I've been reading the DynamoDB v2 documentation (e.g. Local Secondary Indexes) trying to figure out how to organize my table and whether or not I need a secondary index to perform searches for messages to delete. There might be a simple answer to my question, but I am somehow confused...
So should I just create a table with the UUID as the hash and messageTimestamp as the range key (together with a "message" attribute that would contain the actual message), and then not create any secondary indices? In the examples that I've seen, the hash was something that was not unique (e.g. ForumName under the above link). In my case, the hash would be unique. I am not sure whether than makes any difference.
And if I create the table with hash and range as described, and without a secondary index, then how would I query for all messages that are in a certain timerange regardless of their UUIDs?
DynamoDB introduced Global Secondary Index which would solve this problem.
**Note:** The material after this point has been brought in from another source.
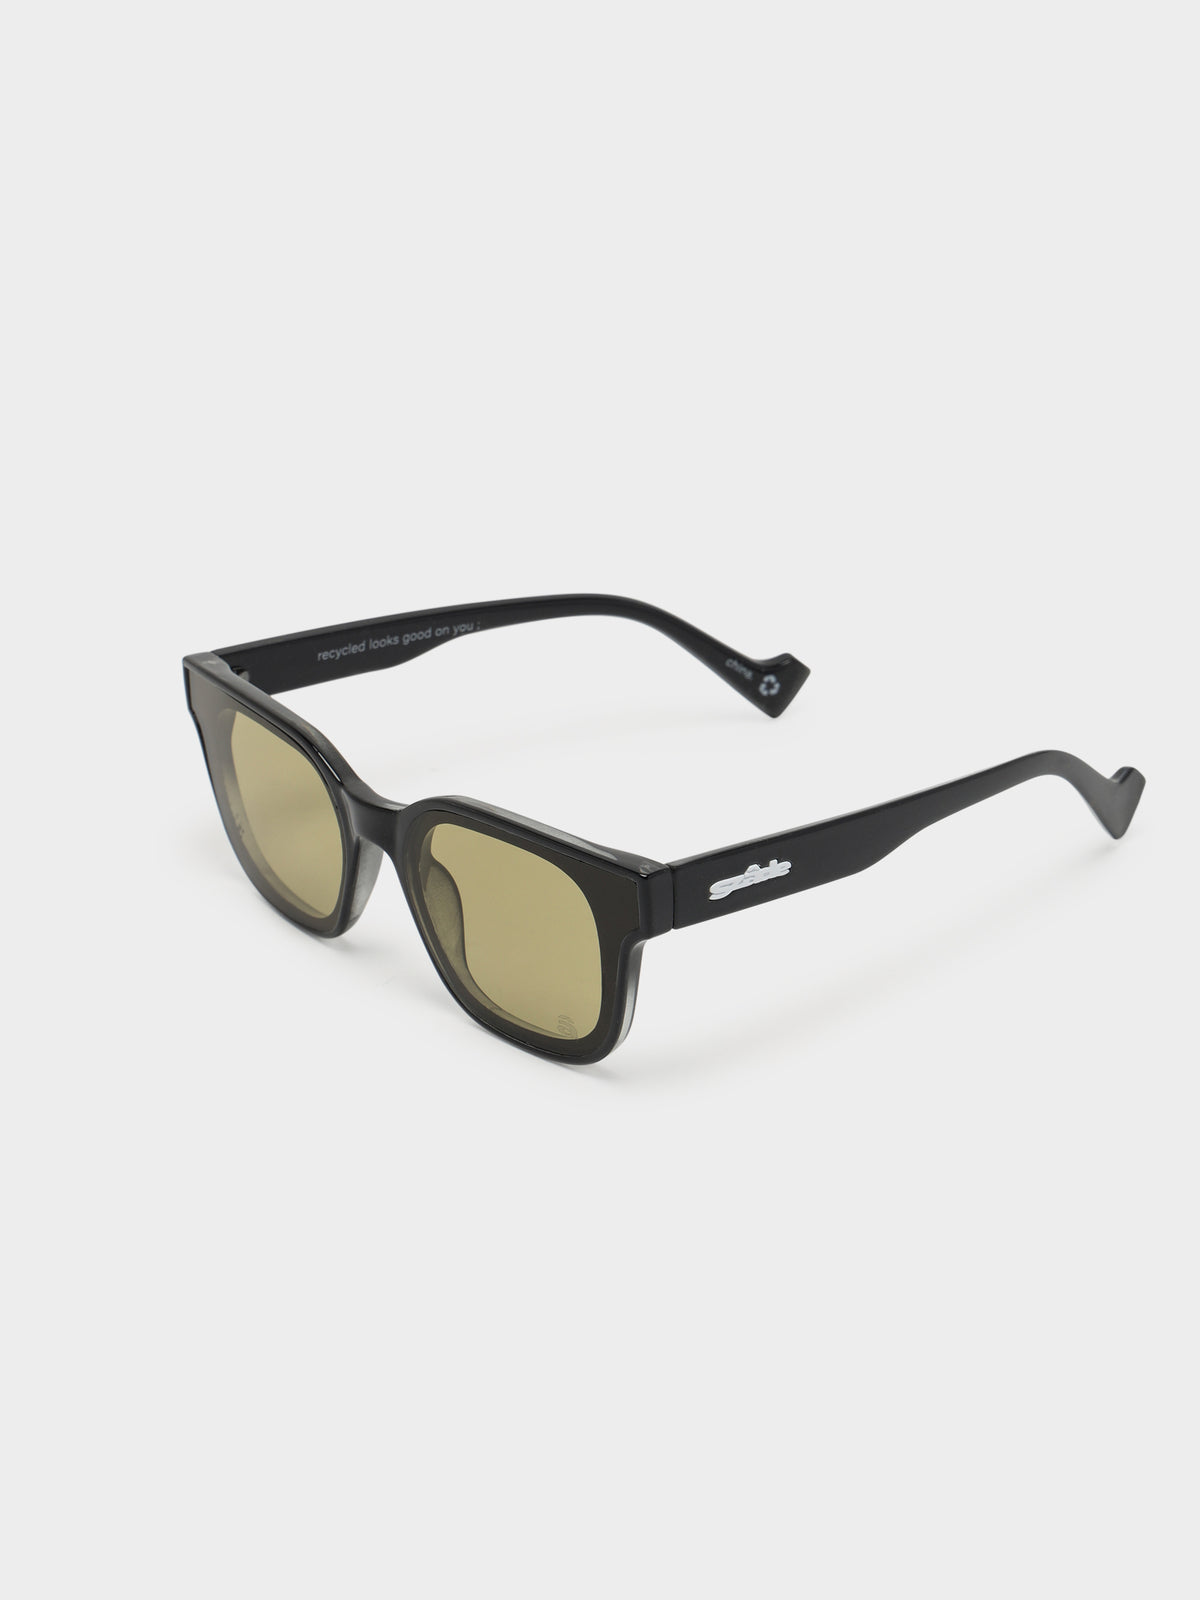 Ellis Sunglasses in Elysium Black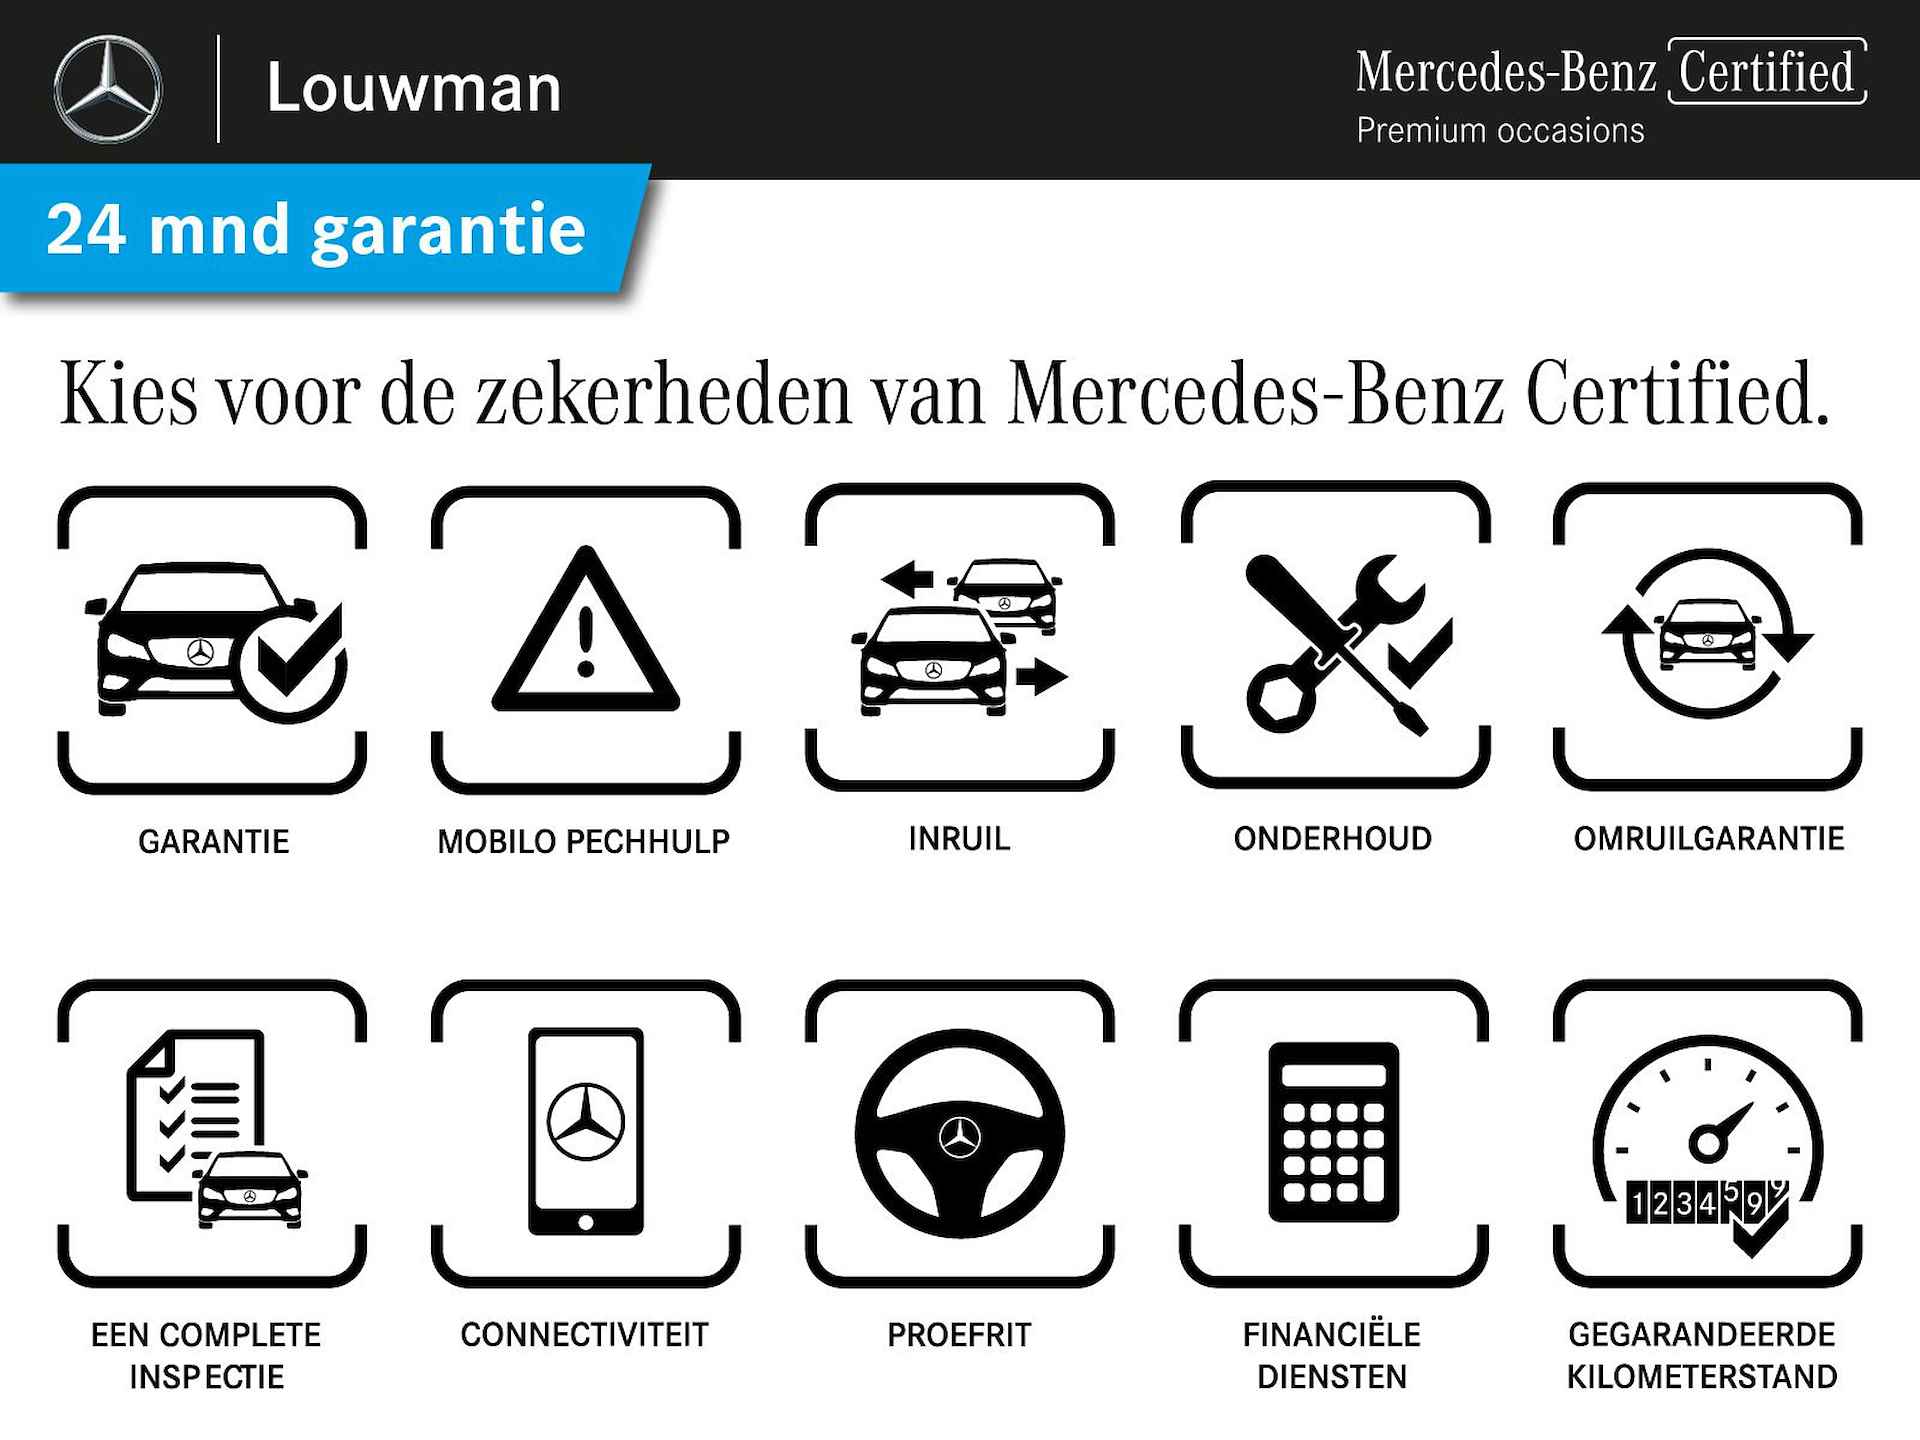 Mercedes-Benz GLE 350 e 4-MATIC AMG Nightpakket Limited 5 spaaks lichtmetalen velgen | Trekhaak | Airmatic | Treeplanken | Alarm klasse 3 |  Augmented Reality | sfeerverlichting | DAB | Parking support | inclusief 24 maanden MB Certified garantie voor europa - 45/45

http://docs.aws.amazon.com/amazondynamodb/latest/developerguide/GSI.html
We've wrestled with this as well. The best solution we've come up with is to create second table for storing the time series data. To do this:
1) Use the date plus "bucket" id for a hash key
You could just use the date, but then I'm guessing today's date would become a "hot" key - one that is written with excessive frequency. This can create a serious bottleneck, as the total throughput for a particular DynamoDB partition is equal to the total provisioned throughput divided by the number of partitions - that means if all your writes are to a single key (today's key) and you have a throughput of 20 writes per second, then with 20 partitions, your total throughput would be 1 write per second. Any requests beyond this would be throttled. Not a good situation.
The bucket can be a random number from 1 to n, where n should be greater than the number of partitions used by the underlying DB. Determining n is a bit tricky of course because Dynamo does not reveal how many partitions it uses. But we are currently working with the upper limit of 200 based on the example found here. The writeup at this link was the basis for our thinking in coming up with this approach.
2) Use the UUID for the range key
3) Query records by issuing queries for each day and bucket.
This may seem tedious, but it is more efficient than a full scan. Another possibility is to use Elastic Map Reduce jobs, but I have not tried that myself yet so cannot say how easy/effective it is to work with.
We are still figuring this out ourselves, so I'm interested to hear others' comments. I also found this presentation very helpful in thinking through how best to use Dynamo:
Falling In and Out Of Love with Dynamo
-John
In short you can not. All DynamoDB queries MUST contain the primary hash index in the query. Optionally, you can also use the range key and/or a local secondary index. With the current DynamoDB functionality you won't be able to use an LSI as an alternative to the primary index. You also are not able to issue a query with only the range key (you can test this out easily in the AWS Console).
A (costly) workaround that I can think of is to issue a scan of the table, adding filters based on the timestamp value in order to find out which fields to delete. Note that filtering will not reduce the used capacity of the query, as it will parse the whole table.